In 1998, with impeachment approaching, Leo Smith, a Connecticut voter, designed a Web site urging support for Clinton and defeat of Rep. Nancy Johnson, R-Conn. When the campaign of Johnson's opponent contacted Smith, worried that his site put him and their campaign in violation of the FECA, he sought an FEC advisory opinion.

Although Smith neither received nor expended money to create this particular Web site, the FEC said the law's definition of a political expenditure includes a gift of ``something of value,'' and the FEC noted that his site was ``administered and maintained'' by his personal computer, which cost money. And that the ``domain name Web site'' was registered in 1996 for $100 for two years and for $35 a year thereafter. And ``costs associated with the creation and maintaining'' of the site are considered an expenditure because the site uses the words that bring on the speech police--it ``expressly advocates'' the election of one candidate and the defeat of another.

The FEC advised Smith that if his site really was independent, he would be ``required to file reports with the Commission if the total value of your expenditures exceeds $250 during 1998.'' If his activity were not truly independent, his ``expenditures'' would have to be reported as an in-kind contribution to Johnson's opponent. Smith ignored the FEC, which, perhaps too busy policing speech elsewhere, let him get away with free speech.

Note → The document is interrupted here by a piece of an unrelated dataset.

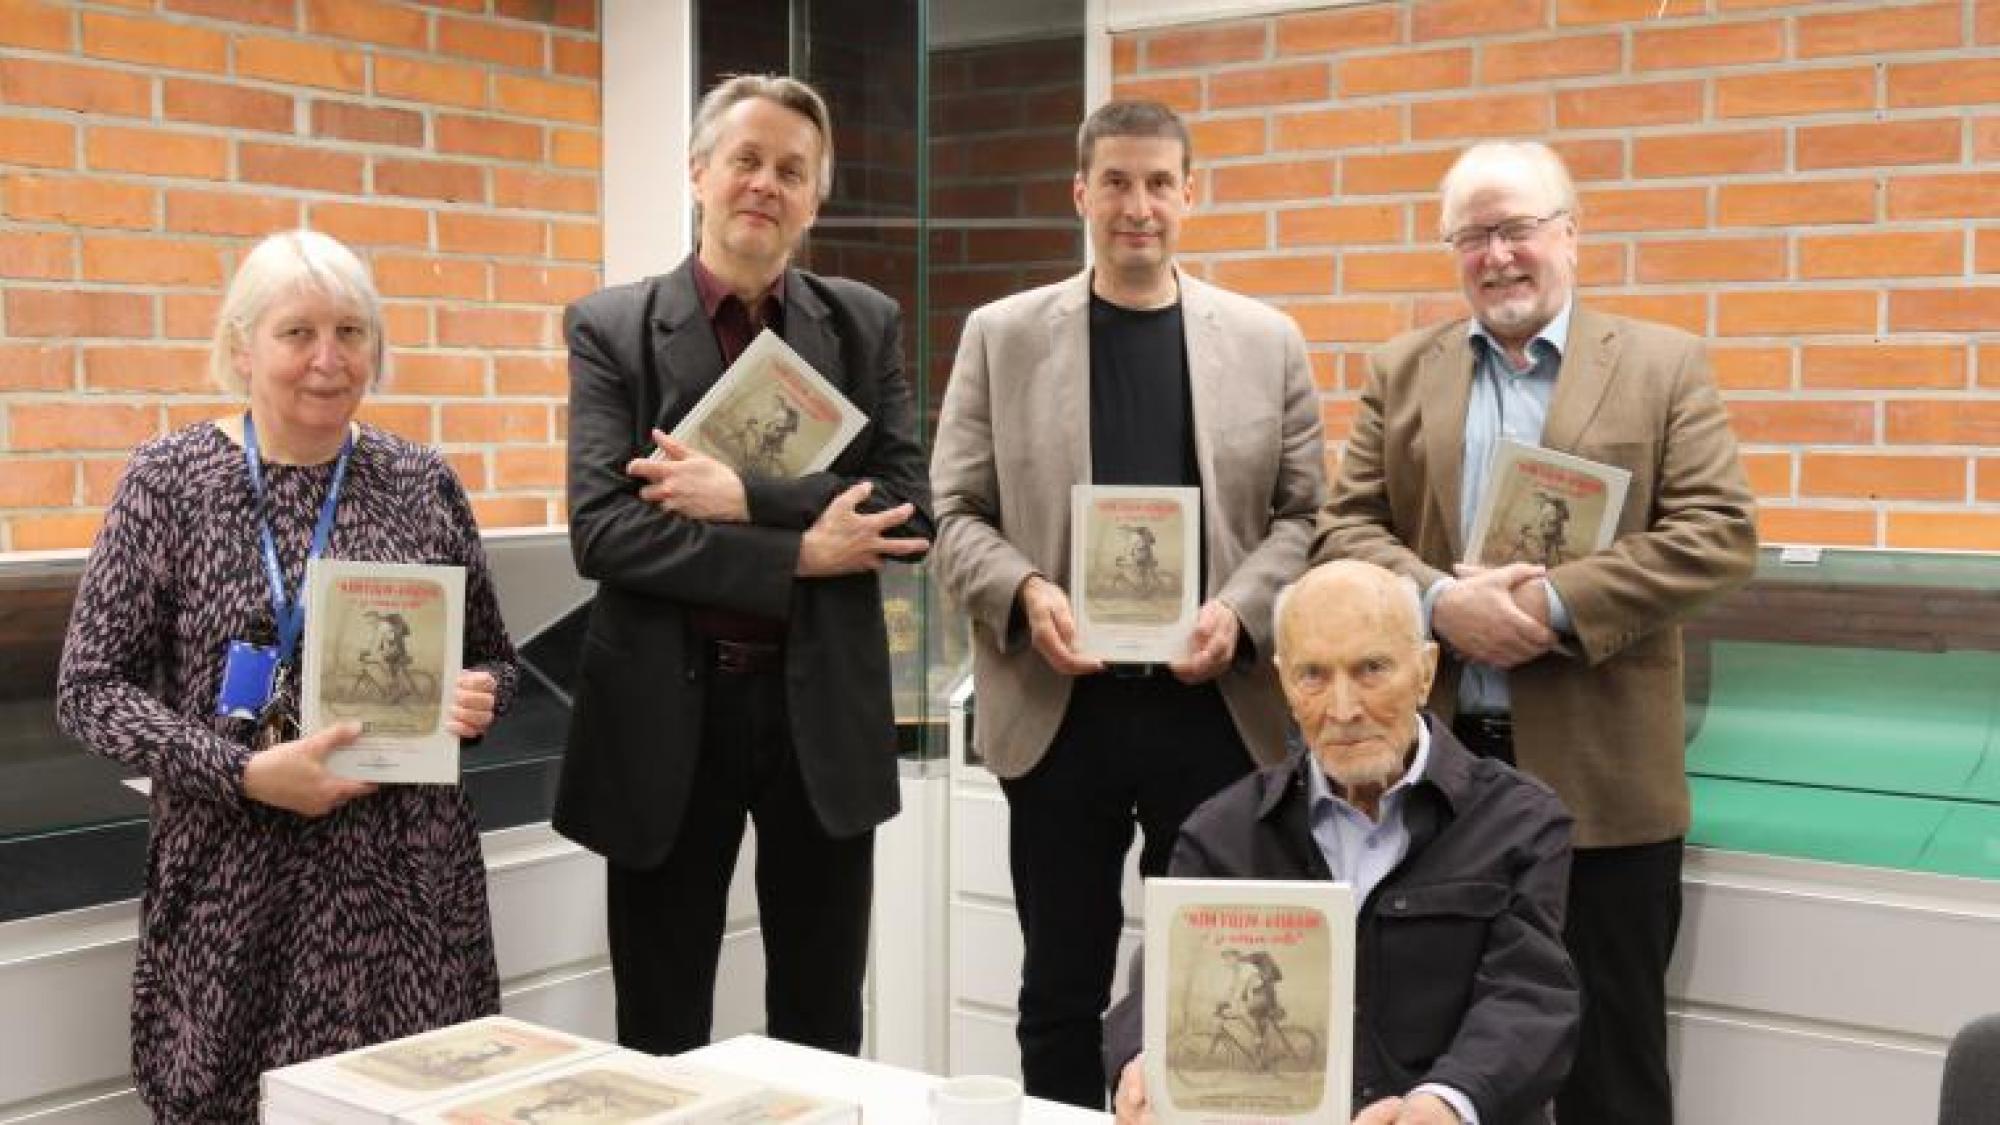 Runoilija Aaro Hellaakosken aikaisemmin julkaisemattomia nuoruuden ajan runoja ja kirjoituksia ensimmäisen kerran julki

Today Internet pornography is protected from regulation, but not Internet political speech. And campaign finance ``reformers'' aspire to much, much more regulation because, they say, there is ``too much money in politics.''

Actually, too much money that could fund political discourse is spent on complying with FECA speech regulations. To cover compliance costs, the Bush and Gore campaigns combined raised $15,135,382.54. And Bradley Smith notes that because of the law's ambiguities and the FEC's vast discretion, litigation has become a campaign weapon: Candidates file charges to embarrass opponents and force them to expend resources fending off the speech police. Consider this legacy of ``reforms'' during this month's debate about adding to them.